DIÁLOGO IGREJA-MAÇONARIA: UMA OPINIÃO RESPEITÁVEL

José Castellani

 

    No final de 1974, estando, o prof. Ariovaldo Vulcano --- médico e professor de Histologia --- então Soberano Grande Comendador do Supremo Conselho do Brasil para o Rito Escocês Antigo e Aceito, em Recife, concedeu uma entrevista, ao "Diário de Pernambuco", focalizando o diálogo com a Igreja, que fora o assunto tratado em um pronunciamento feito pelo Secretário Geral da CNBB, Dom Ivo Lorscheider. Trata-se de uma visão imparcial e objetiva do assunto, além de um certa dose de premonição, mostrando o descortino de um dos mais importantes e cultos maçons brasileiros, desta metade do século XX. E mostrando, também, que a melhoria do diálogo com a Igreja já ocupa a mente dos maçons há algum tempo. Eis o texto integral, publicado no nº 328, de 6 de dezembro de 1974, do "Diário de Pernambuco" para avaliação:

        
     LIDER MAÇÔNICO GOSTA DO DIÁLOGO COM A IGREJA

     "Foi com grande satisfação que, ao chegar em Pernambuco --- terra onde a chamada Questão Religiosa foi radicalizada  --- tomei conhecimento do pronunciamento feito à imprensa do Sul pelo secretário-geral da Conferência Nacional dos Bispos do Brasil --- CNBB, dom Ivo Lorscheider, acerca da reaproximação entre a Igreja Católica e a Maçonaria"

    Esta afirmação foi feita ontem pelo Grande Comendador do Rito Escocês para o Brasil (Maçonaria Filosófica), professor Ariovaldo Vulcano, que veio ao Recife participar da Banca Examinadora do Concurso para catedrático da faculdade de Odontologia de Pernambuco.

 

    INICIATIVA VÁLIDA

    O fato de ter sido o reatamento de relações amistosas entre as duas instituições, objeto de acurados estudos pela recente Assembléia Geral dos Bispos muito nos alegra --- prosseguiu o professor Ariovaldo Vulcano --- porque foi a Igreja Católica que tomou a iniciativa de romper os laços fraternais existentes entre ambas  desde a instituição da Maçonaria no Brasil até o advento da Bula do Papa Pio IX, mas que agora através da sua hierarquia, toma outra vez a iniciativa do reatamento.

    Vale ressaltar --- continuou --- que a Maçonaria nunca hostilizou a Igreja Católica, como também nunva vetou a seus filiados professarem a fé cristã. É bom lembrar que o açodamento da Questão Religiosa em Pernambuco foi provocado pelo fato de muitos eclesiásticos e membros de Irmandades pertencerem  aos quadros das nossas oficinas, na época.
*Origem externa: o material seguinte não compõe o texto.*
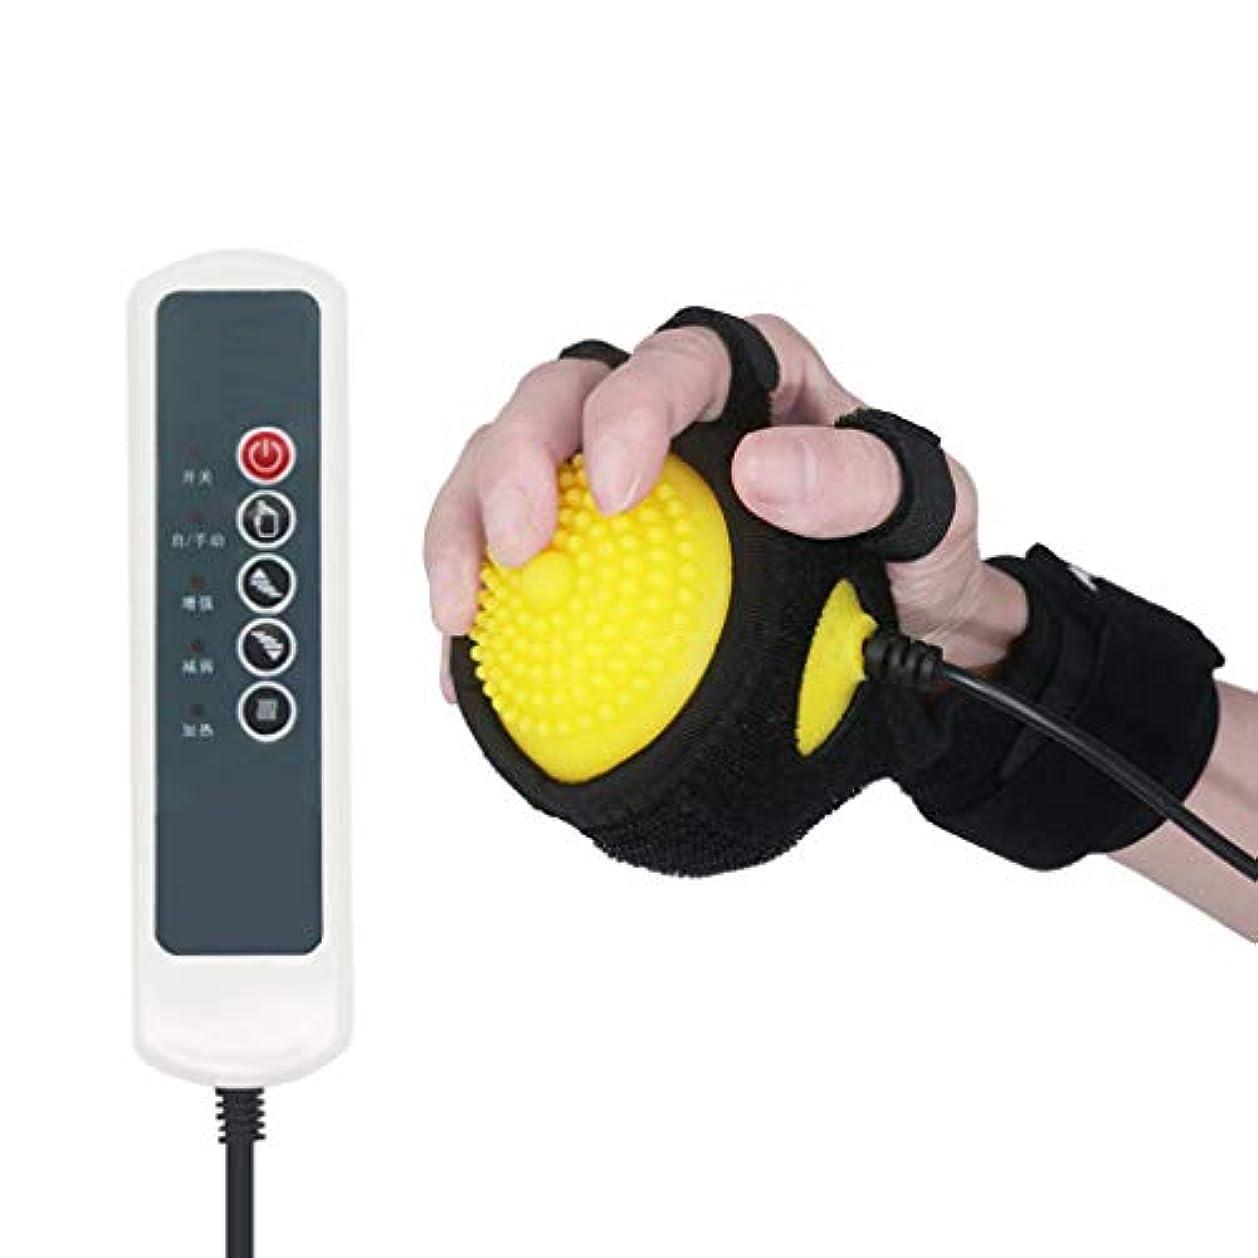 一致する時々時々立証する電気ホット圧縮脳卒中片麻痺指回復マッサージリハビリテーション受動トレーニング指屈曲矯正療法ボール

Igual comportamento é mantido pela Sublime Ordem em relação aos demais credos religiosos e, para os que não sabem: a crenºa em Deus é questão "sine qua non" para ingresso na Maçonaria.

 

    ALTOS CORPOS

    No tocante á citação feita por dom Ivo Lorscheider do tópico da Resolução da Assembléia Geral dos Bispos, segundo o qual "A Igreja está disposta a rever a sua posição em relação à Maçonaria, não pode fazê-lo no momento, porque não conseguiu obter suficientes dados e informações oficiais (da própria Maçonaria) que lhe dêem segurança para rever as normas disciplinares vigentes para os católicos. Espera receber tais informações para prosseguir nos estudos em andamento", o dignitário maçônico assim se expressou:

   --- Apesar de me externar em caráter estritamente pessoal, acredito todavia que, se na realidade a CNBB estiver imbuida em restabelecer um melhor relacionamento entre as duas instituições, deverá iniciar gestões junto à Suprema Administração da Maçonaria no Brasil, para obter as informações e dados que deseja, no que tenho certeza que será atendida de maneira prazeirosa e cordial, pois até então desconheço tenha o Poder Central da Ordem recebido oficialmente algum pedido de informações da CNBB.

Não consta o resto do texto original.